First, it’s not the same as “fusion.” I’m not trying to mix flavors such as miso or spices into Italian recipes. My cooking is Italian, done in the Italian way, based on traditional flavors — but as expressed by someone who is not from Italy. I’m using Italian ingredients to make something absolutely different.

What do you like about traditional Italian cuisine?

Tradition is fundamental in Italy and the regional cooking in Emilia-Romagna is really delicious. It was a wonderful place to discover the local foods: prosciutto, Parmesan cheese, balsamic vinegar, fresh pasta … you could say my cooking is born out of the Emilia-Romagna region.

You now have your own restaurant. Why did you choose Milan?

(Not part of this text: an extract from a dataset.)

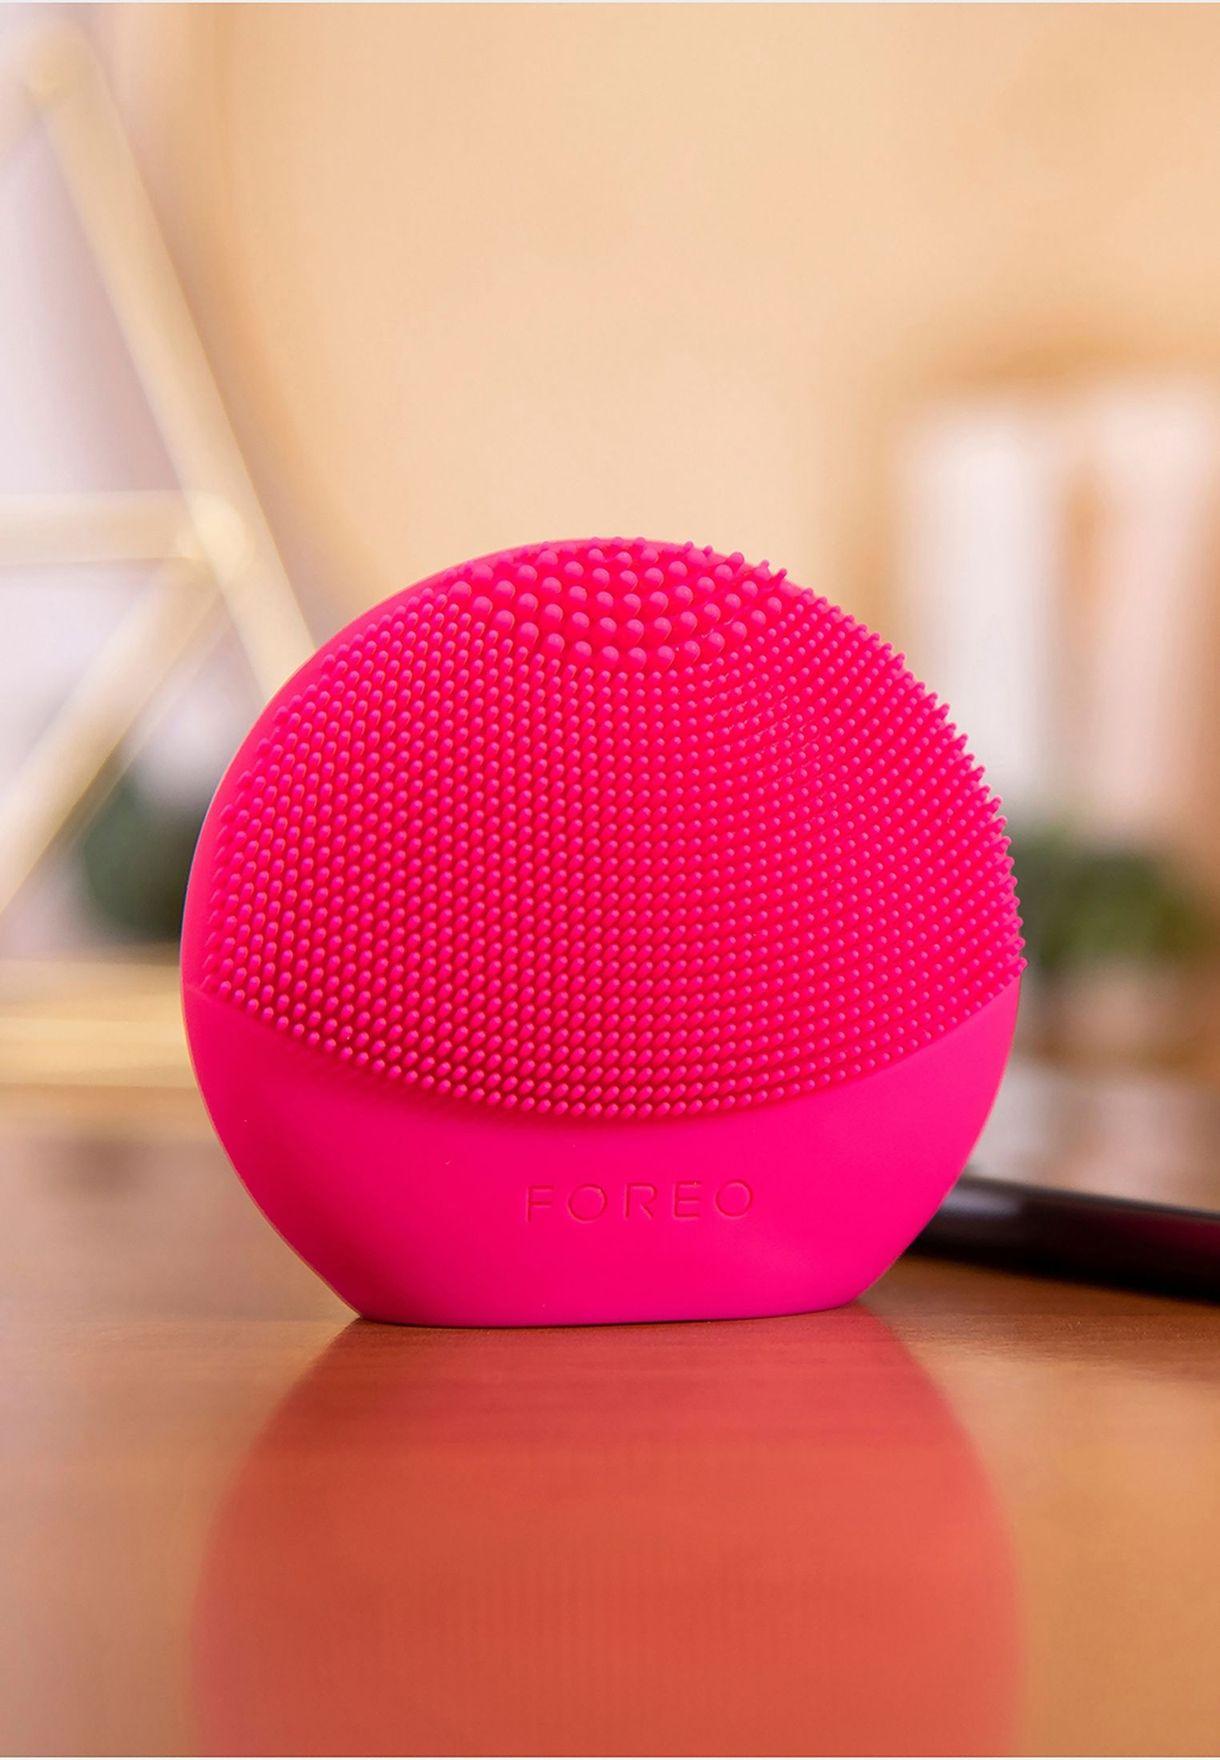 فرشاة لونا فوفو لتنظيف الوجه - فوشيا

It’s a city I really like, one I’d always imagined living in. It could have been anywhere. But by chance, I found premises in Milan. There’s only one thing: Milan is Italy’s fashion center and people in that world are always on diets. They always ask for vegetables. When I pass the menu it’s, “Where’s the salad?”

And you already have a Michelin star.

I opened in February (2015) and the stars were announced in December. There aren’t so many Milan restaurants in the Michelin Guide, so straight away customers started coming in. People told me, I had no idea you were here!

Do you have a signature dish?

Last year I came up with 219 recipes, and 40 to 50 of them I’ve kept in my repertoire. One that always gets a strong reaction is the dish I call gyotaku (fish print). It’s based on the traditional Japanese practice of making rubbings on paper by painting fish with sumi ink. I’ll be serving it at my upcoming events.

Your New Otani events will be the first time you’ve served your cuisine in Japan in full. What is the idea behind them?

The idea is not, “Because this is Japan and I’m Japanese, I’ve been picked to present Italian food.” It is, “I’m over there in Italy, and this is what one Japanese chef is doing there.” It’s a subtle distinction but very important.

This year is the 150th anniversary of relations between Japan and Italy. And the New Otani’s motto has always been “Look to the future, create the new.” That’s my philosophy, too: Learn from the past; live in the present; and imagine the future.

Yoji Tokuyoshi will be at the Hotel New Otani in Osaka from Aug. 12-14 (06-6494-3246; bit.ly/2az6hNq); and the Hotel New Otani in Tokyo from Aug. 19-21 (03-3238-0020; bit.ly/2awVLZL) The seven-course lunch costs ¥15,000 and the 13-course dinner costs ¥26,000.